Congratulations to* ChristinaRoss* on winning our December betta competition. Great picture Christina!


----------



## doggyhog (Apr 30, 2009)

CONGRATS!!!!  Well deserved!


----------



## dramaqueen (Jul 7, 2008)

YAY!! Congrats, Christina!!!


----------



## Romad (Jun 28, 2009)

Whoo Hoo!! Congrats Christina.

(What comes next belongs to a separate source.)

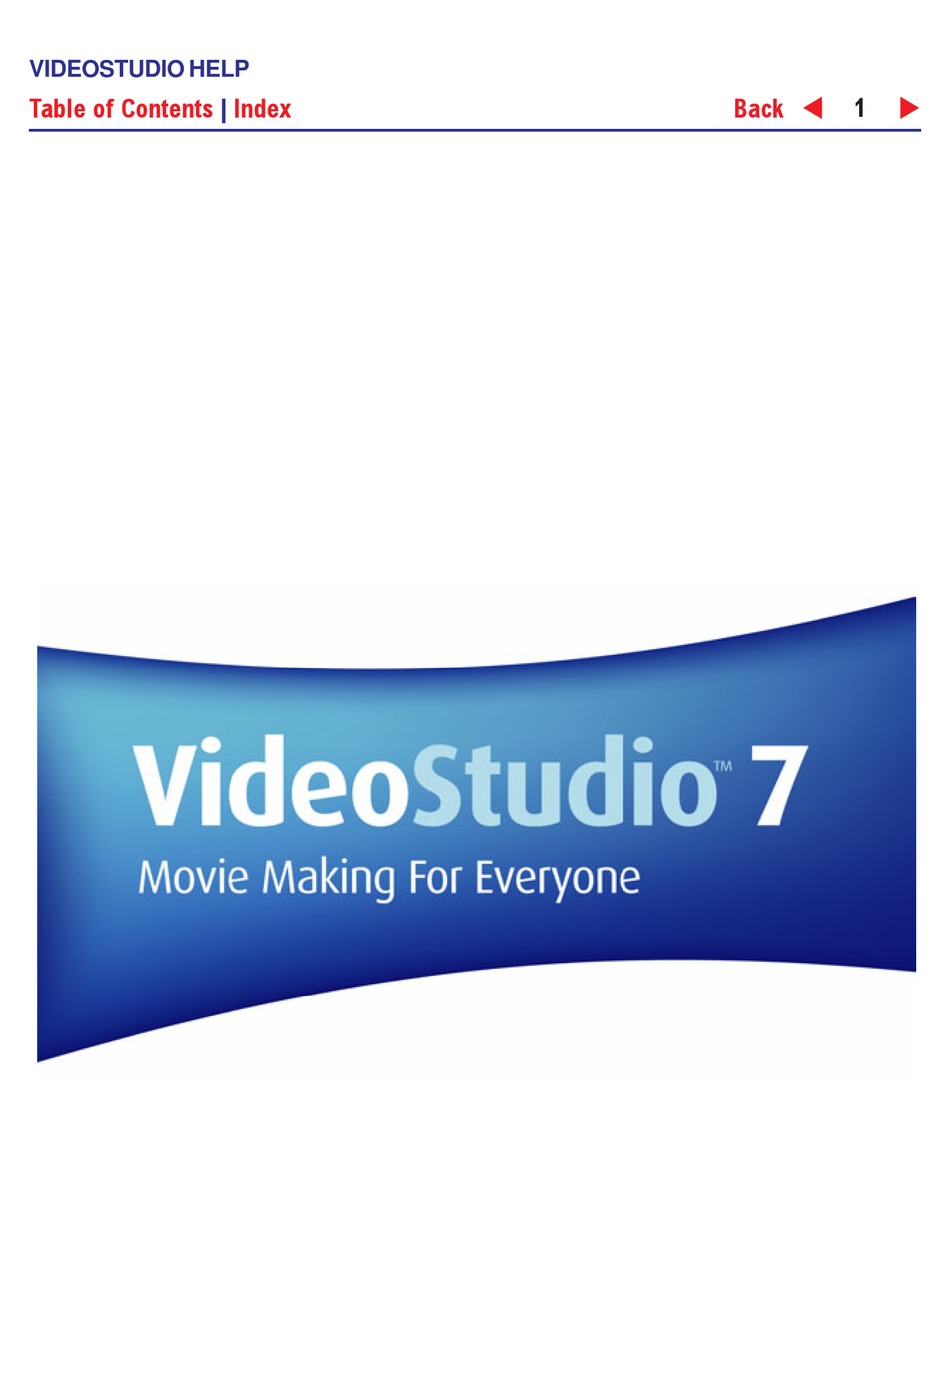 ulead video studio 12 free download for windows 7

He sure is gorgeous.


----------



## ChristinaRoss (Sep 4, 2009)

thank you thank you!
Stephan thanks you!


----------



## k stiles (Aug 29, 2009)

stephan deserves it, because he is really stunning!!!!!


congrats christina!!!!!!


----------



## BettaxFishxCrazy (Sep 5, 2009)

Congrats!!!!


----------



## loppy656 (Jul 31, 2009)

congrats! i love your fish!


----------



## AlexXx (Aug 23, 2009)

congratz <3


----------



## biokid101 (Sep 24, 2009)

Congrats!!


----------



## diruak (Dec 16, 2009)

Congratulations!


----------



## andreig09 (Dec 20, 2009)

he's very nice!!!!


----------



## opy (Dec 16, 2009)

Congratulations! Very beautiful!


----------



## Kentucky Blue (Dec 20, 2009)

wow looks gorgeous. Definatly one of my favorites that i have seen. Congrats. :]


----------



## bettamama (Dec 17, 2009)

Congrats!  
I wish I could find a Betta that pretty.


----------



## ChristinaRoss (Sep 4, 2009)

thanks everyone! hes one of my favs!


----------



## HopeInHeart (Oct 11, 2009)

Way to go Christina!


----------



## Calmwaters (Sep 2, 2009)

Congrats Christina AKA Betta Momma. LOL You already knew I loved him. LOL


----------



## Alienbetta1 (May 9, 2010)

Congratz


----------



## Alexanderismylife (Jun 14, 2010)

He's beautiful!!!! CONGRATS!!! You sure deserve it :] What a beautiful betta!!!! :]


----------



## officialdees (Feb 1, 2010)

Congrats....beautiful betta


----------



## The Fighter (Sep 19, 2010)

Verry nice betta


----------